BEGIN DATA SHOWN

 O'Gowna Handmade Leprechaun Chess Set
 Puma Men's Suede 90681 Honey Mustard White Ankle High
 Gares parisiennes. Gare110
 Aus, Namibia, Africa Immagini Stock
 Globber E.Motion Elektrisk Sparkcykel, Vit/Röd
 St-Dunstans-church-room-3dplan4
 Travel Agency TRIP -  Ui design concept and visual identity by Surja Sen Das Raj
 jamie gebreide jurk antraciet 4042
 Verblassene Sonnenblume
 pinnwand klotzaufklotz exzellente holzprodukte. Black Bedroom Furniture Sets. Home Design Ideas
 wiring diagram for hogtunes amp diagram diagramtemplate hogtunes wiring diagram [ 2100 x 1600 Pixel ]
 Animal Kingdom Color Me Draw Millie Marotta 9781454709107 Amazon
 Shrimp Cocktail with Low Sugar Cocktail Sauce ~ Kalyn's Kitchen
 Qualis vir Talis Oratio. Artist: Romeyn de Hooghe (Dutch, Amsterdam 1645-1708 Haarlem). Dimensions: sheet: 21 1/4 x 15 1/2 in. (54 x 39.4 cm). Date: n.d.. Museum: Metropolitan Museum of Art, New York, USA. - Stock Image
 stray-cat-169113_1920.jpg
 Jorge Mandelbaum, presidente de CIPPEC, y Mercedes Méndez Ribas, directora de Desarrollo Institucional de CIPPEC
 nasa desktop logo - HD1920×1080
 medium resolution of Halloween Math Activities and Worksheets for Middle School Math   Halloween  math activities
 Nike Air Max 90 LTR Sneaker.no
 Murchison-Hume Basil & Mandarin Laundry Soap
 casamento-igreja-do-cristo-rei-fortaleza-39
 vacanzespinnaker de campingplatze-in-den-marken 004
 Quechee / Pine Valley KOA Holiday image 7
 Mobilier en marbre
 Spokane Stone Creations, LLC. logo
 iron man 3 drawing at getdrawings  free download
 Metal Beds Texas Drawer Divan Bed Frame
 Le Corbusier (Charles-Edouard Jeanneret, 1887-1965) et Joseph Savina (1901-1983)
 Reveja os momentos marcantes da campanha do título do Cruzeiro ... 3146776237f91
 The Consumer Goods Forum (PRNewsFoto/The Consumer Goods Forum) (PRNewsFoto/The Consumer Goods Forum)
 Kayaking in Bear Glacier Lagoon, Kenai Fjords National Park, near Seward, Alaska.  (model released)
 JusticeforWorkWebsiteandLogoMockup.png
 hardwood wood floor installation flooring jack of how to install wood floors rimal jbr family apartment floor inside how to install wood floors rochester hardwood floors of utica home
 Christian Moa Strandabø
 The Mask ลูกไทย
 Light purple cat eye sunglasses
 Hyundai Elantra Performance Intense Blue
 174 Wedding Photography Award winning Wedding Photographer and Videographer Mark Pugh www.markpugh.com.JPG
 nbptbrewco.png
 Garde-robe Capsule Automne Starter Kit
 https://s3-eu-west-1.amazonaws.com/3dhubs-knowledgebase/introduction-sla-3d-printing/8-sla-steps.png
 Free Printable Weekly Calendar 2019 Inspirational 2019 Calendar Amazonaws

END DATA SHOWN

▶ **WORK REQUIRED**: Among the entries above, copy exactly only the lines starting with the one containing "Spokane Stone Creations, LLC. logo" and going through the one containing "The Consumer Goods Forum (PRNewsFoto/The", both ends included.

▶ **SOLUTION**:
 Spokane Stone Creations, LLC. logo
 iron man 3 drawing at getdrawings  free download
 Metal Beds Texas Drawer Divan Bed Frame
 Le Corbusier (Charles-Edouard Jeanneret, 1887-1965) et Joseph Savina (1901-1983)
 Reveja os momentos marcantes da campanha do título do Cruzeiro ... 3146776237f91
 The Consumer Goods Forum (PRNewsFoto/The Consumer Goods Forum) (PRNewsFoto/The Consumer Goods Forum)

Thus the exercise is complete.